Foreign Affairs Secretary Teodoro Locsin Jr. at a joint press briefing with Chinese State Councilor and Foreign Minister Wang Yi in his first official visit to Beijing. (Photo courtesy of DFA-Office of Public Diplomacy/ Emilio Lopue)

MANILA-- Foreign Affairs Secretary Teodoro Locsin Jr. on Tuesday reaffirmed the Philippines support to China as the rising power in the East, saying the emergence of a "new China" creates a world where the developing nations have a chance.

Locsin said Manila has much to hope for, and nothing to fear from the rise of a new power. This, as it hoped for a "new world" where a state's goal to get richer is through helping others prosper.

Citing what he wrote in the Philippine-China memorandum of understanding on the Belt and Road Initiative, Locsin said there is no other country but the new China that aspired to rise higher by helping others rise alongside her.

"To put it in concrete terms, without the new China, there will be no prospect whatsoever for the developing world to grow into emerging economies. We would still be, as throughout the second half of the last century we were, at the mercy of Western markets which, on a whim, can turn us away—as they did throughout the post- and neo-colonial period," he said during a joint presser with State Councilor and Foreign Minister Wang Yi on Wednesday.

"The emergence of a new China is creating a world where the lesser have a chance. And more than a chance: cooperation for mutual benefit instead of words," he added.

On the two countries' cooperation, Locsin and Wang vowed to deepen Philippines-China relations.

Although a lot of work remains to be done, there are "greater advantages" in the two nations' collaboration across a wide range of areas, Locsin said.

"There is so much to look forward to and accomplish that will be of much greater value to both of us than those differences can ever be to each one," he noted.

Locsin also assured the Chinese official that Manila will look after the Chinese people in the Philippines.

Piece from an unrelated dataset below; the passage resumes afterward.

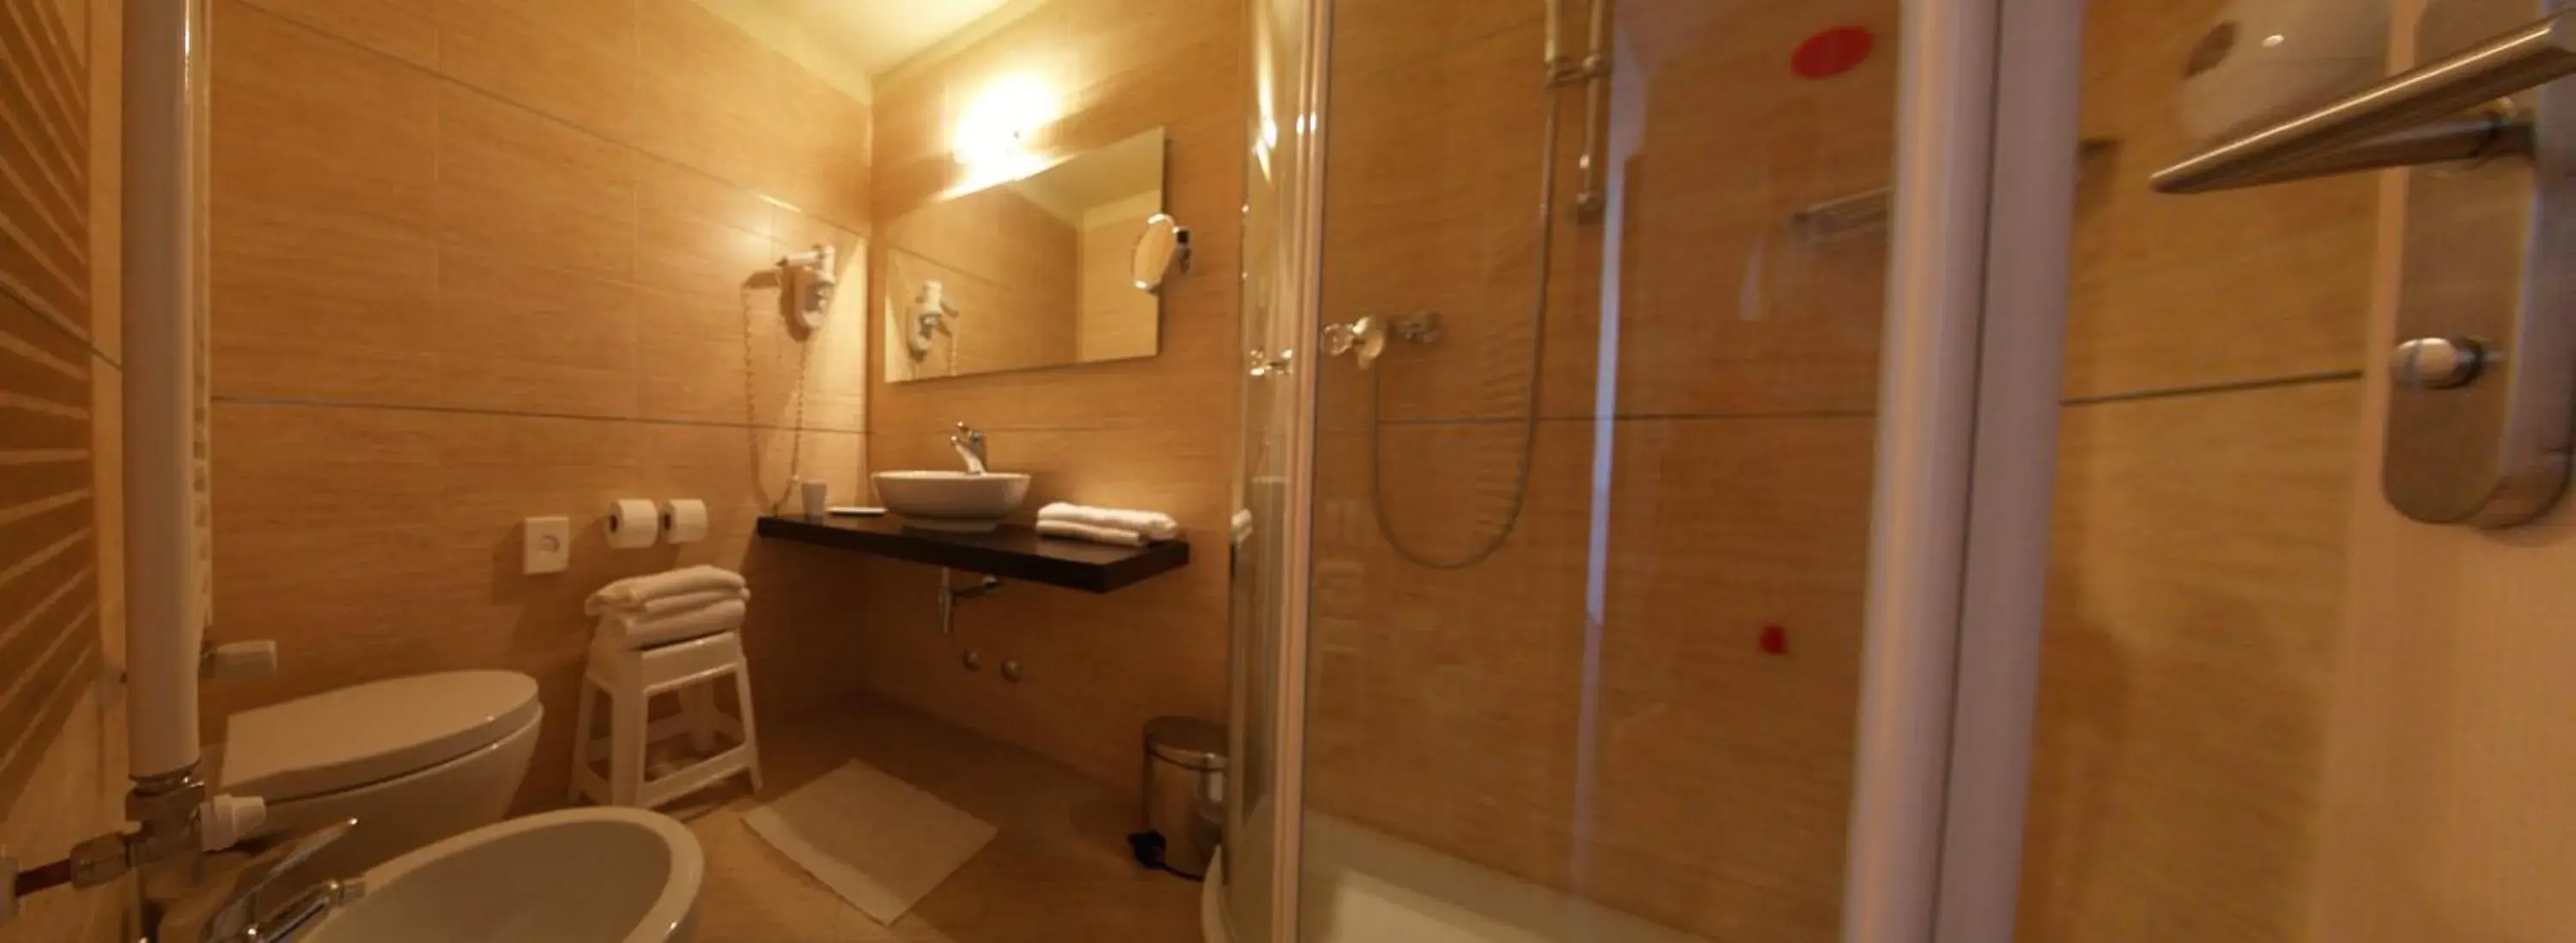 Shower, Bathroom in Hotel Villa Smeralda

"You have our assurance that the Philippines will look out for your people in my country as I have seen China look out for our people in yours," said Locsin, who is in Beijing for his first official visit to China.

Prior to his presser with Wang, he met with Vice President Wang Qishan, a stalwart of the Chinese Communist Party, who reaffirmed China’s commitment to further strengthening bilateral relations with Manila.

Also present during the meeting were Executive Secretary Salvador Medialdea and Philippine economic managers led by Finance Secretary Carlos Dominguez. (PNA)


Interesting how the relationship of nations can change dramatically in a short period of time. Under Ninoy, the relationship was so bad and so hostile to China ... even once he said China was like Nazi ..... and forced China to reclaim a few island in Spratly. China had no option, had to do it

China now leave Scarborough Shoal relatively undisturbed ... but I'd bet if the Philippine govt become hostile again in the future, in not time it would be reclaimed ... even bigger than existing islands China has reclaimed
 

weig2000

Captain
"To put it in concrete terms, without the new China, there will be no prospect whatsoever for the developing world to grow into emerging economies. We would still be, as throughout the second half of the last century we were, at the mercy of Western markets which, on a whim, can turn us away—as they did throughout the post- and neo-colonial period," he said during a joint presser with State Councilor and Foreign Minister Wang Yi on Wednesday.

"The emergence of a new China is creating a world where the lesser have a chance. And more than a chance: cooperation for mutual benefit instead of words," he added.

Wow. These sound very different from the debt-trapping, resource-extracting, environment-damaging, local-people-exploiting China that has been so often painted by the western media and governments.